The real problem --- and I say this as a small business owner with 14 employees --- is healthcare. Healthcare costs do /not/ impact all employers equally, and small businesses are particularly vulnerable to rate increases since we have very little bargaining power. Blue Cross is much less likely to hike IBM's rates when Joe Employee's wife get cancer, but small businesses have to worry about this constantly.
Well... The shuttle doesn't meet the requirements initially set for its development - it's not reusable, but it can be fixed. I remember the way it was proposed: mount it on a rocket, put it in space, let it do whatever has to be done and land like a plane, then it goes back to the Cape mounted on a 747 and gets mounted on a rocket and off it goes.
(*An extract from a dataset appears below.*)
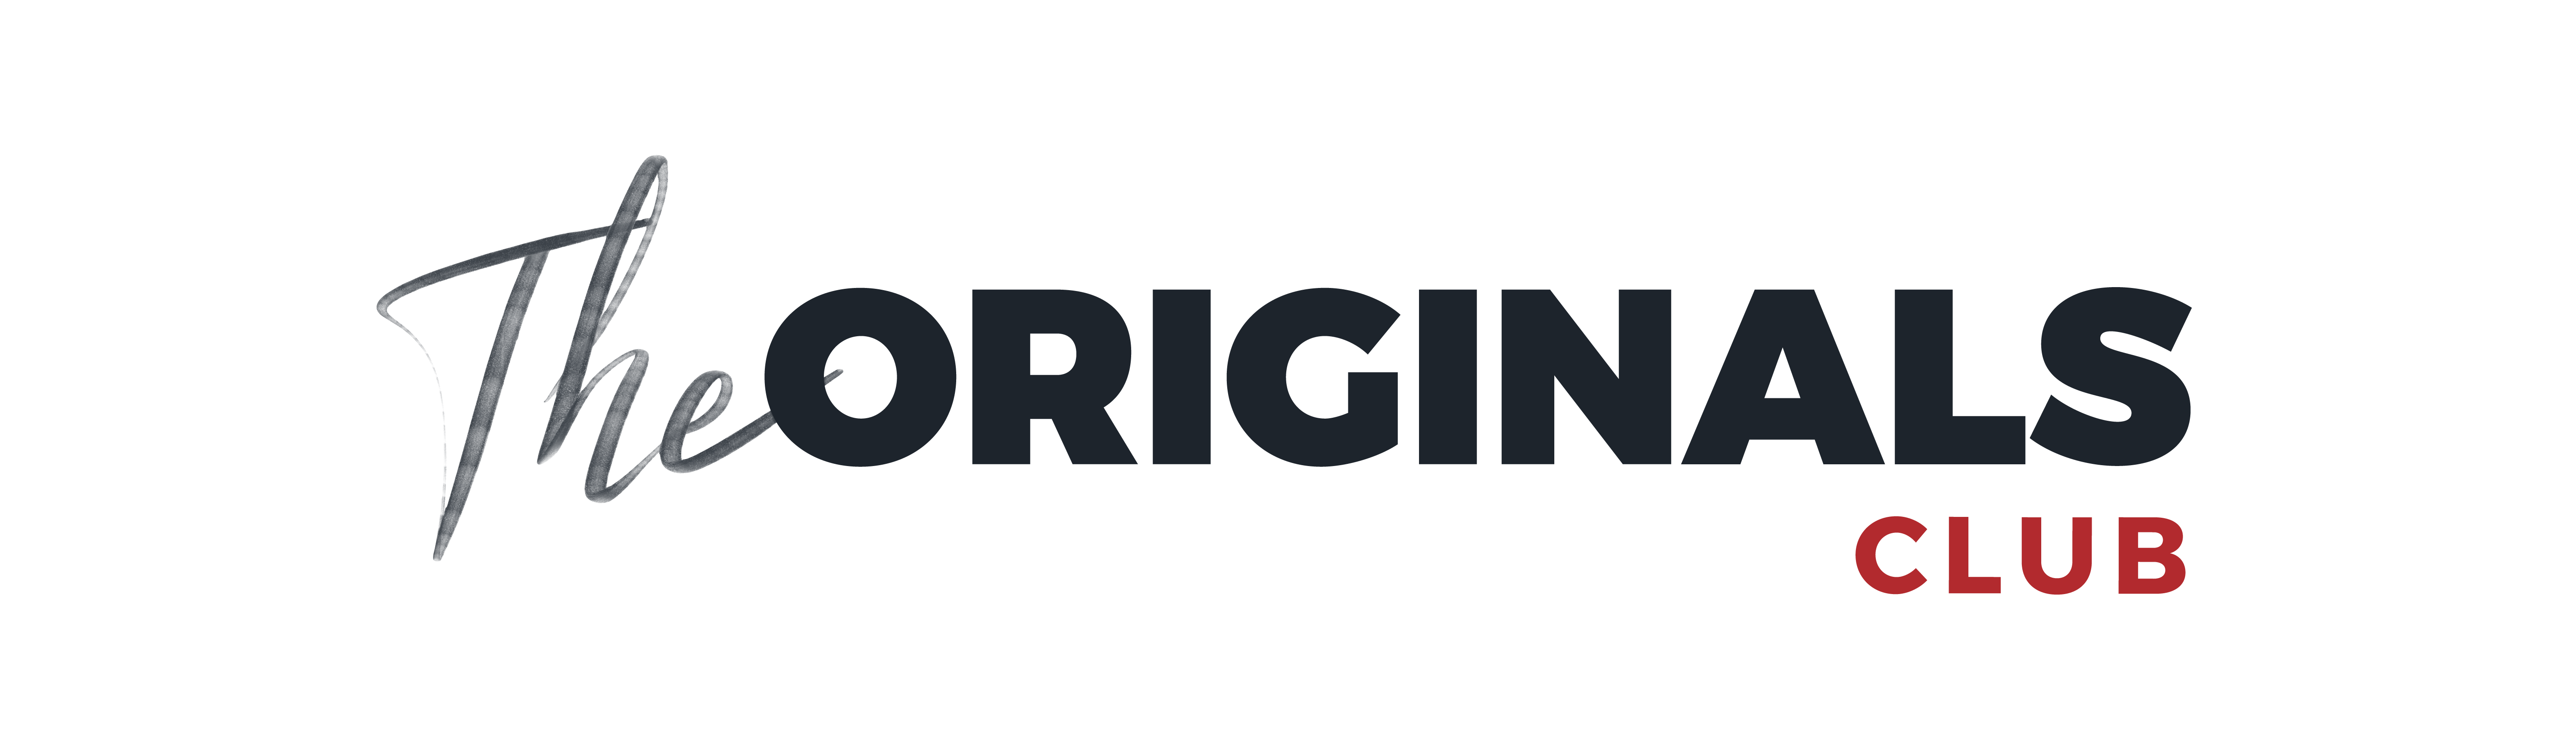 Badge Originals logo

Nobody told it would require half a year of repairs between one flight and the next.
It was also designed to bring cargo back from space, something it did, IIRC, once.
It's a single vehicle that tries to do far too many things and fails to do any of them better than previous technologies. It's cool, but that's about it.
I would not oppose maintaining the shuttle while alternative heavy lift capability is not attained. I am also against scrapping all of its technologies: shuttle C could be a nice complementary technology for when all you need it to haul something heavy into LEO.
And having to rely on shuttle caused a lot of delays and cost overruns of the ISS. Of course it was used to build most of it: it consumed all resources that could otherwise be used to develop other less costly ways to build the ISS and, thus, was the only thing that could be used.
Mind you: on every shuttle flight you send all the mass that will land. If nothing returned, you would have to send up a lot less mass.
Executing what the DIRECT folks proposed would cost a fraction of what Ares would have costed.